El 72% de los datos del recorrido del automóvil por galón de gasolina son explicados por los datos de sus caballos de fuerza.
B1 = -0.005
B0 = 39.962. Cuando el peso del automóvil es 0, el automóvil recorre 39.962 millas por galón.
El 69% de los datos del recorrido del automóvil por galón de gasolina son explicados por los datos de sus pesos.
En conclusión, el mejor modelo serÃa el del recorrido del automóvil por galon dependiendo del volumen total de aire y combustible que los pistones pueden desplazar dentro de los cilindros.
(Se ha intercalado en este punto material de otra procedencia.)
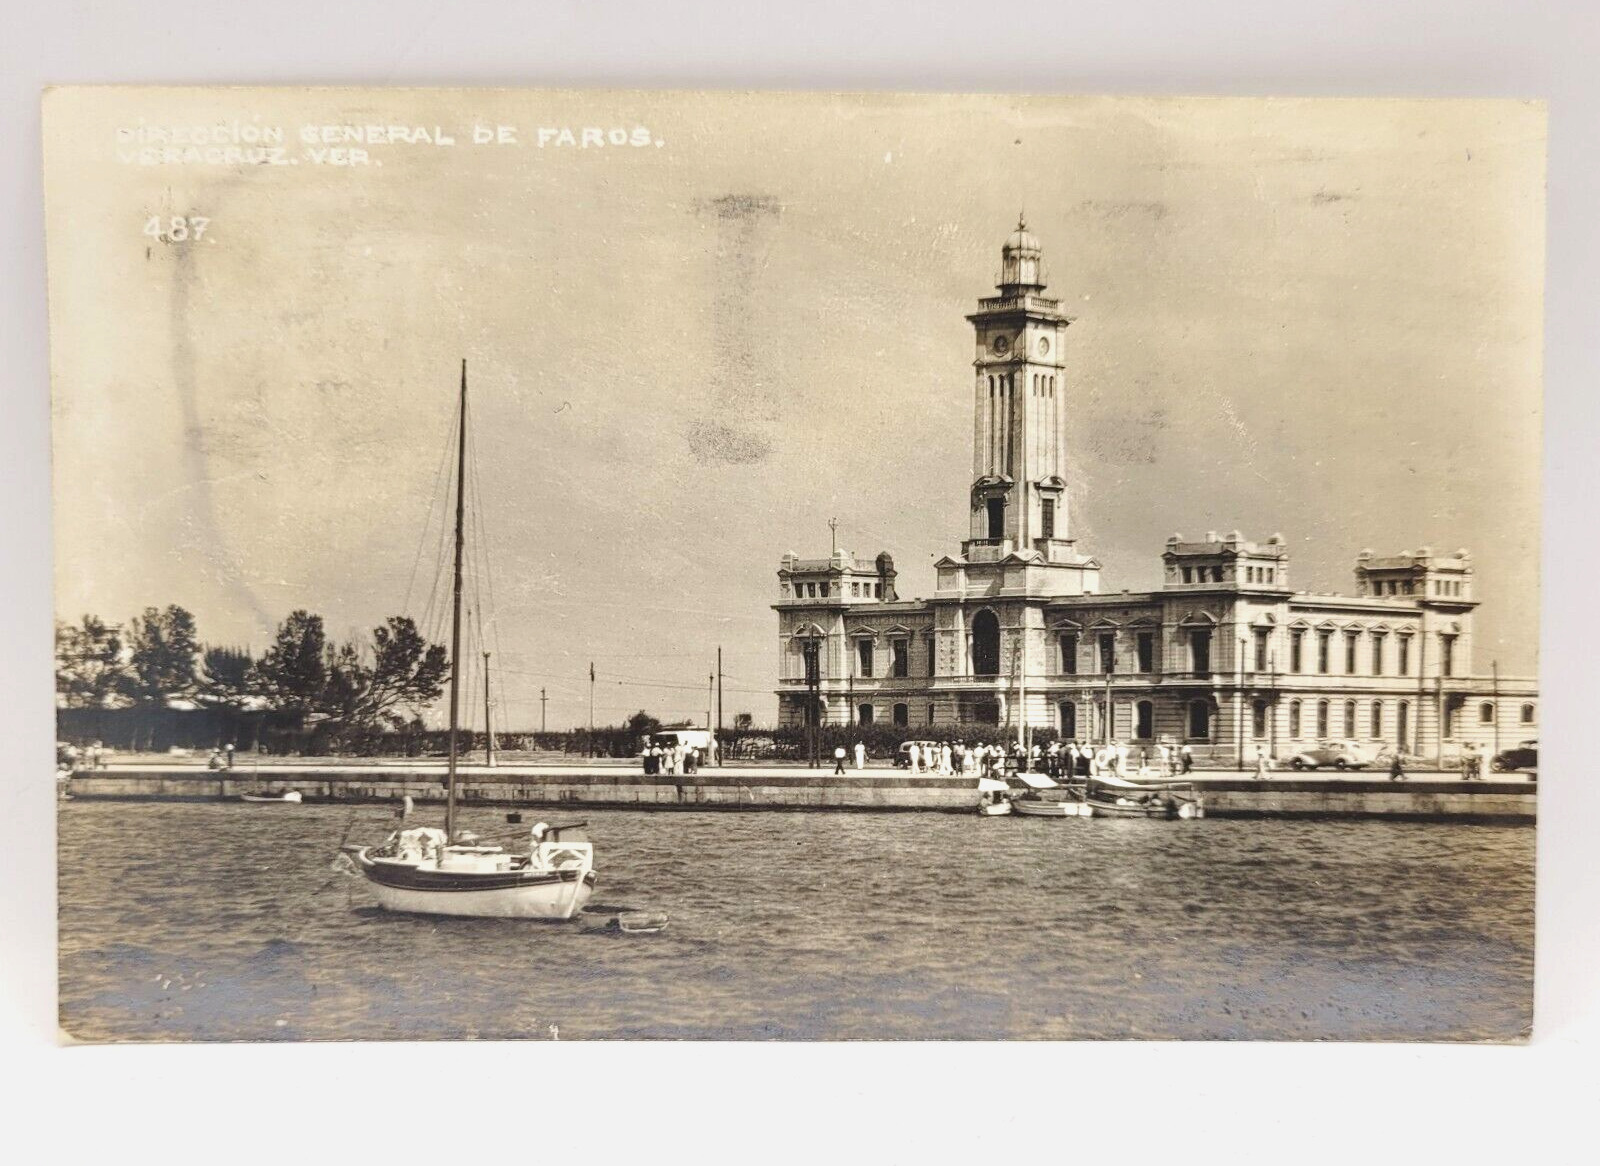 Vera Cruz Veracruz Mexico Lighthouse Waterside RPPC Postcard 1950s Cancel Stamp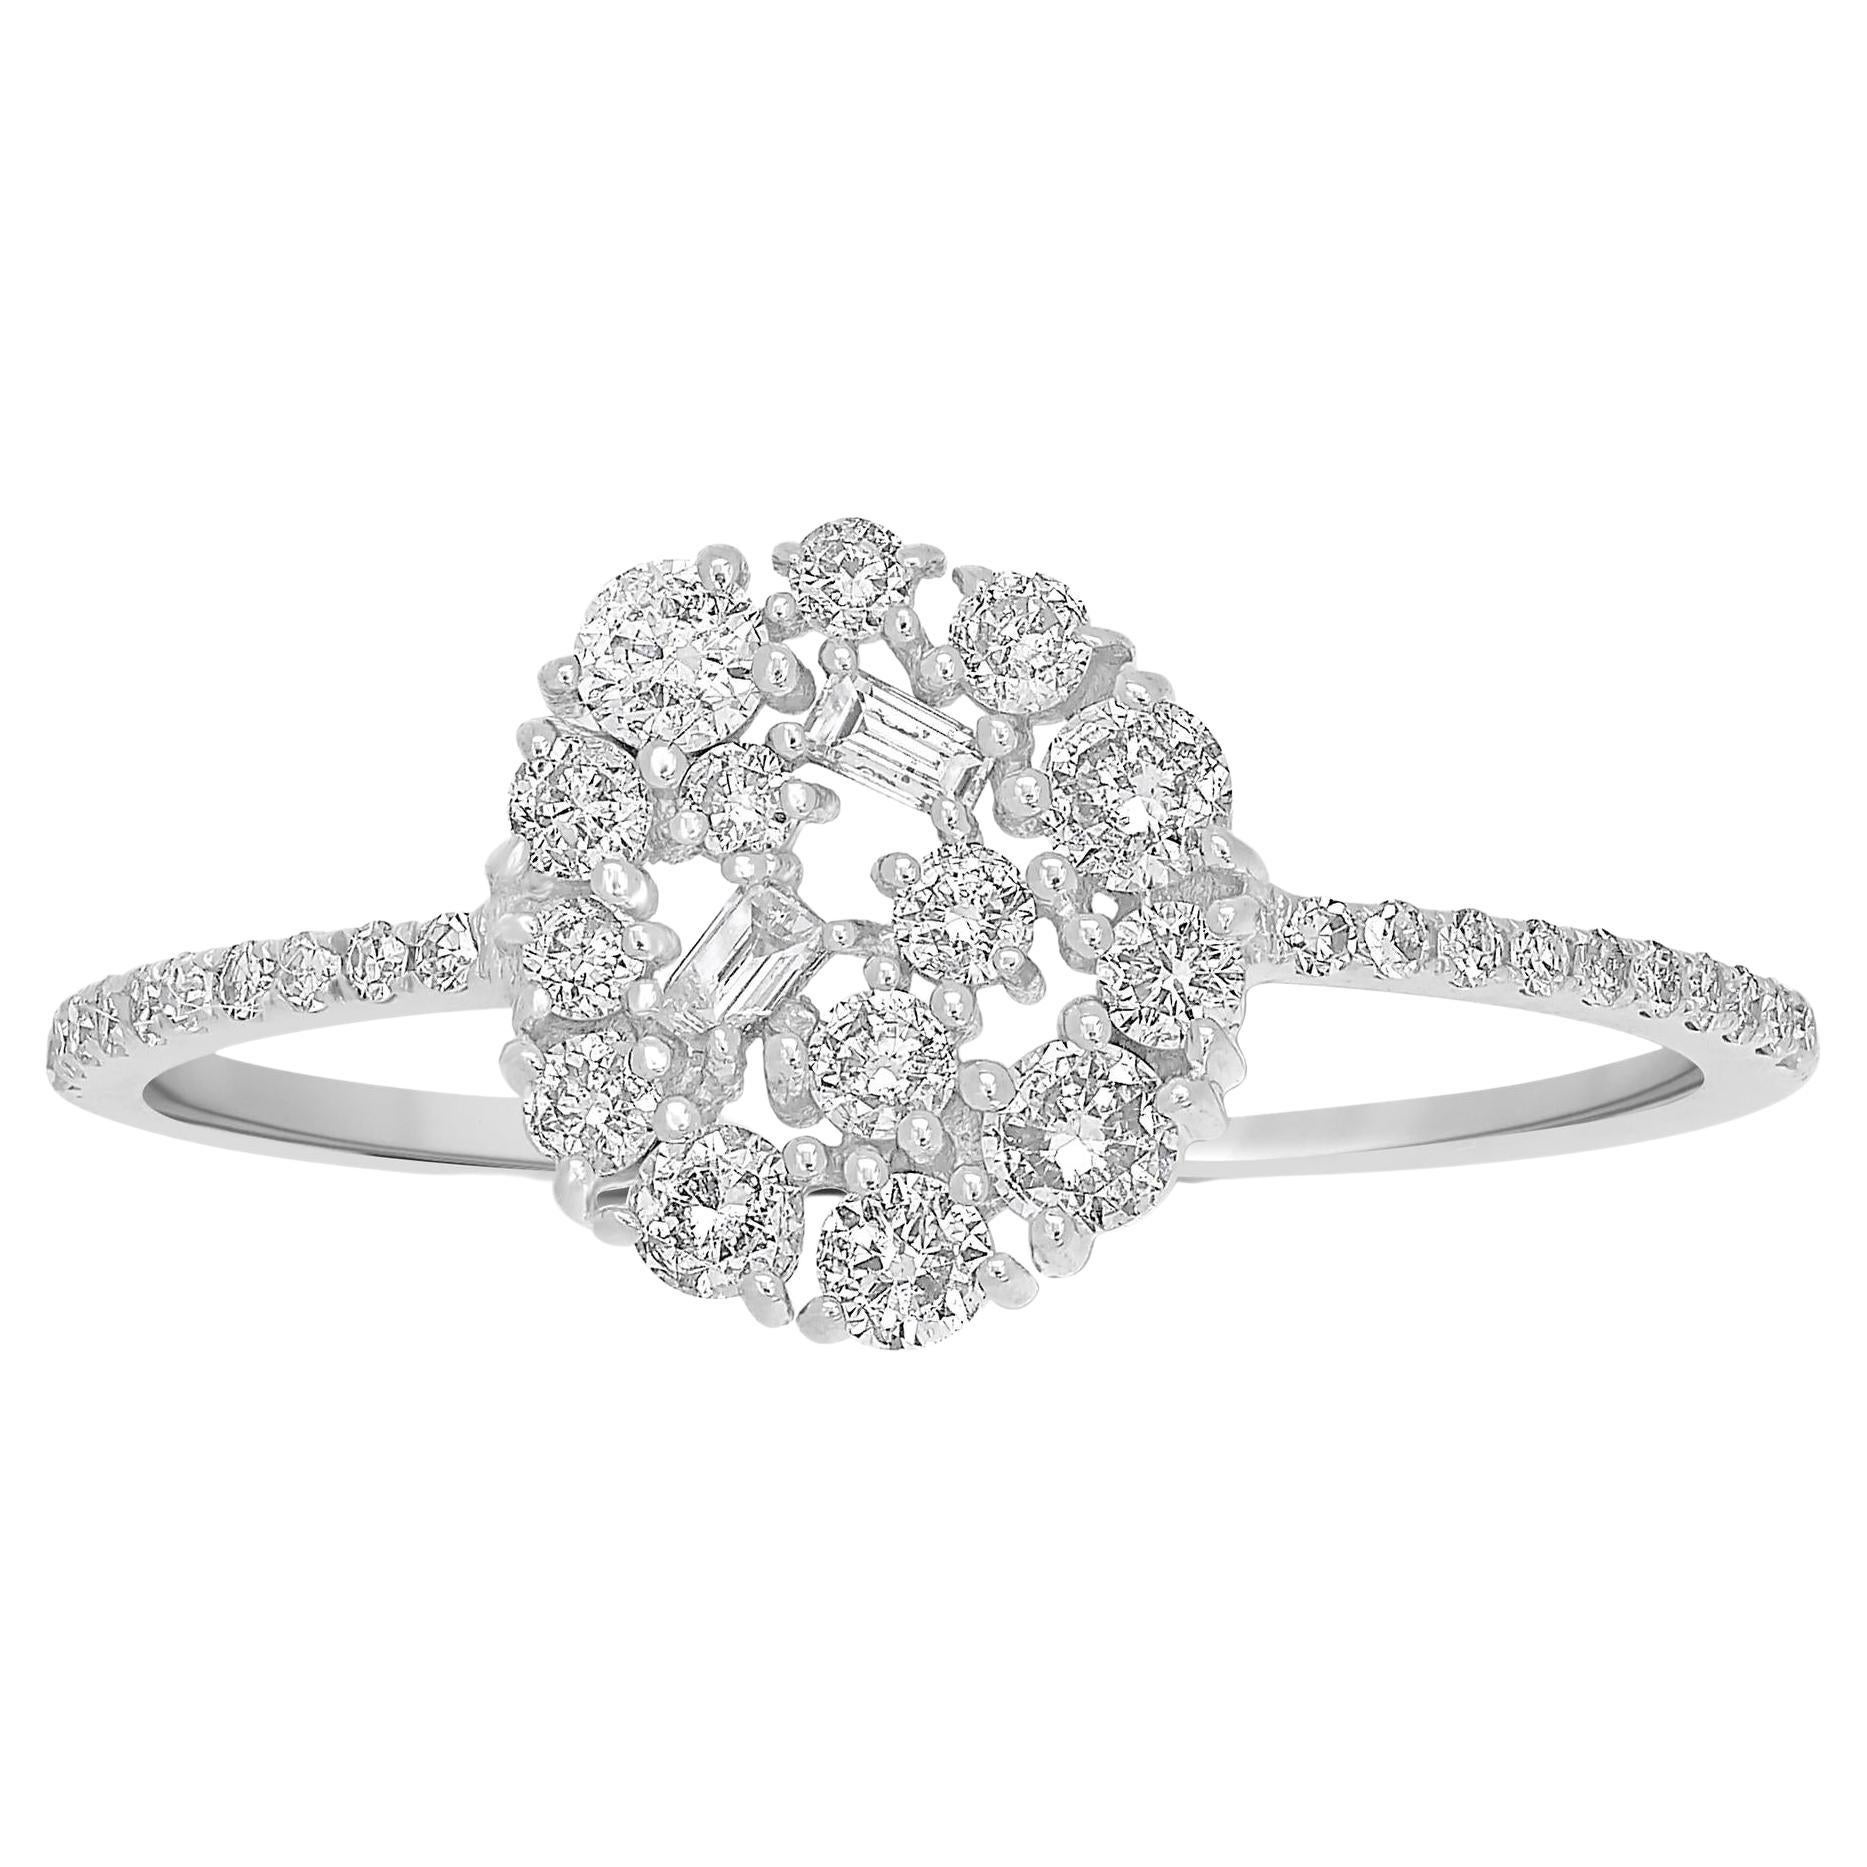 Luxle 3/8 Carat T.W. Diamond Cluster Ring in 14k White Gold

residuos1 <- modelo1$residuals
shapiro.test(residuos1)
##
## Shapiro-Wilk normality test
##
## data: residuos1
## W = 0.98702, p-value = 0.9589
Como podemos evidenciar, p_value > 0.05. Por lo tanto, los residuos de nuestro modelo son normales.
bptest(modelo1)
##
## studentized Breusch-Pagan test
##
## data: modelo1
## BP = 5.2642, df = 1, p-value = 0.02177
Como podemos evidenciar, p_value < 0.05. Por lo tanto, los residuos no tienen igualdad de varianza.
residuos <- modelo1$residuals
plot(modelo1)
Como podemos ver en el gráfico Q-Q residuals, los residuos si giran en torno al 0.
Fijemos x = 84, entonces y|x = 30.367.